Но Генри уже схватил обоих за свисающие полы курток, с силой дернул, и братья кубарем скатились с дерева.
– Два варианта на выбор, – объяснил он, глядя на них сверху вниз. – Либо остаетесь тут и замерзаете, либо идете с нами.
Хью свернулся калачиком на льду. Генри пожал плечами и зашагал прочь – некогда уговаривать. Но тут Сван завозился, встал, подобрал пару корзин и трусцой побежал за Генри. Хью нехотя поднялся и тоже начал собирать свое разбросанное имущество.
– Я иду против своей воли, имейте в виду.

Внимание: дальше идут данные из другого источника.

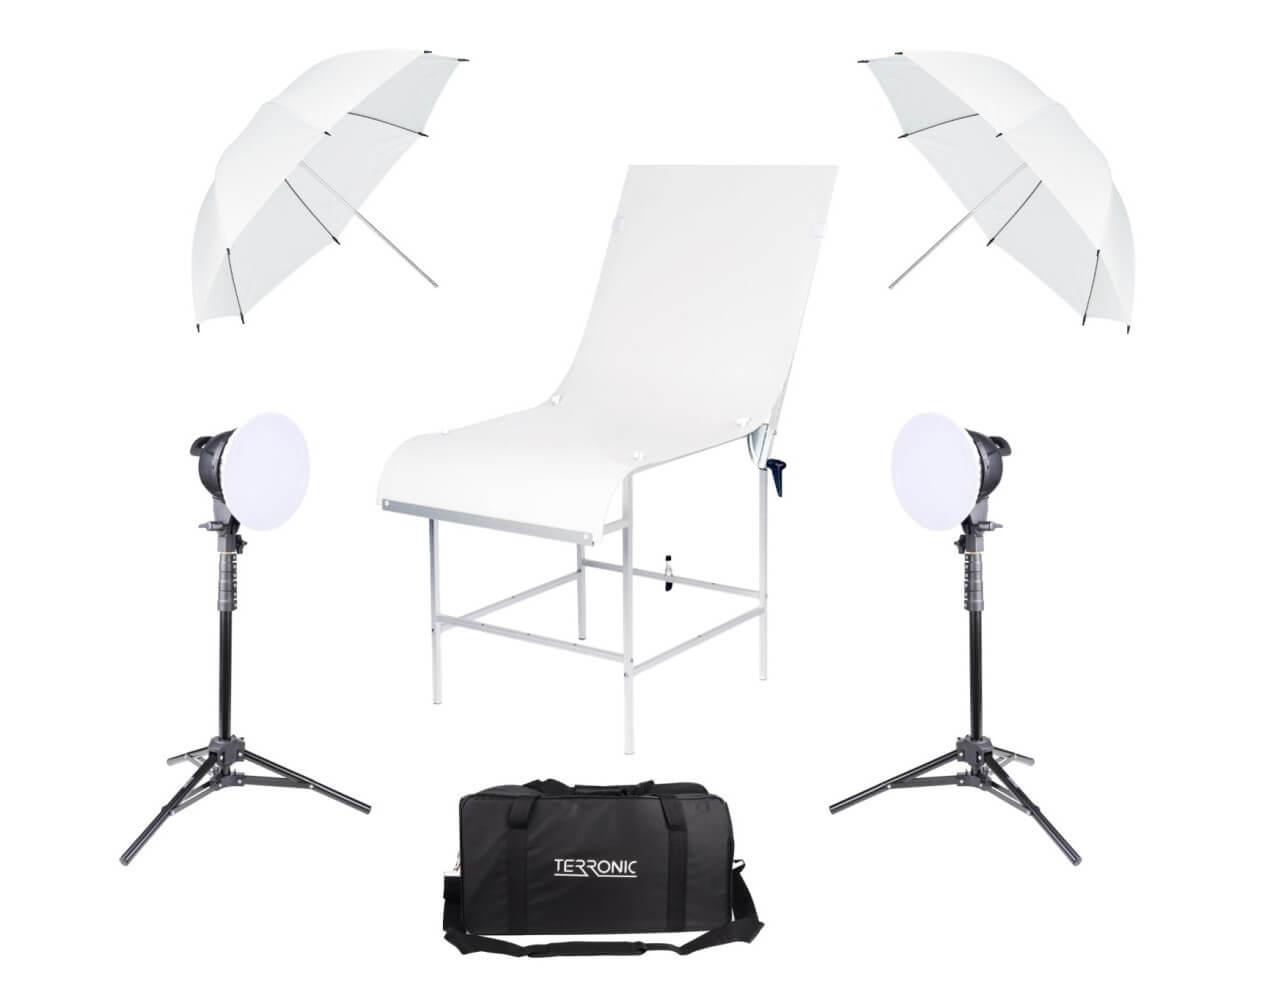 Terronic Basic Hobby LED 38/38 web studio | Zdroj foto Fomei

Меня заставили, и вы за это еще ответите, – процедил он, догоняя Генри. Выглядел он уже не так плохо, – кажется, злость грела его, как печка.
Генри развернулся к братьям, и те отбежали от него на несколько шагов.
– Отстанете – ждать не буду. Дышите глубже. Не болтайте. Старайтесь не трястись, от этого мышцы устают. И вот, – он вытащил из кармана пару пирогов, которые дал ему Тис, и бросил им, – ешьте, это греет. И бросьте свои вещи, без них будет легче идти.
– Ну нет, чудище, – прижимая к себе корзины и свертки, проворчал Хью. – Ты у нас добро не отнимешь.
– А одеяла у вас там, случайно, нет? – поинтересовался Джетт.
– О. Есть. Как я сам не сообразил? – Хью вытащил из корзины два одеяла и завернулся в оба.
– А мне? – жалобно спросил Сван.
– Да ты толстый, тебя жир греет, – отмахнулся Хью, подхватил вещи и, покачиваясь под их весом, зашагал вперед.
– В такой компании путешествовать – просто счастье, – пробормотал Джетт и, спотыкаясь, побрел за Генри. – Скажи, что знаешь, куда мы идем.
– Понятия не имею. Суть в том, чтобы идти. А ты начинай говорить парными строчками, – кивнув на Свана, сказал Генри.
– Это стихи, – гордо пояснил тот. – Про что сочинять?
Генри пожал плечами, откусил от своего пирога и пошел вперед, обгоняя остальных: ему легче было идти, когда он не видел, с каким количеством людей его угораздило связаться.
Вокруг трещал мороз, и Генри осторожно втягивал морозный воздух через нос, следя за каждым движением в лесу. Отец всегда говорил: везде свои законы. Изучай их, где бы ни оказался, изучай своих врагов и победишь. Ледяной лес сейчас был врагом куда худшим, чем люди, но Генри все же краем уха слушал их разговоры: вдруг решат напасть.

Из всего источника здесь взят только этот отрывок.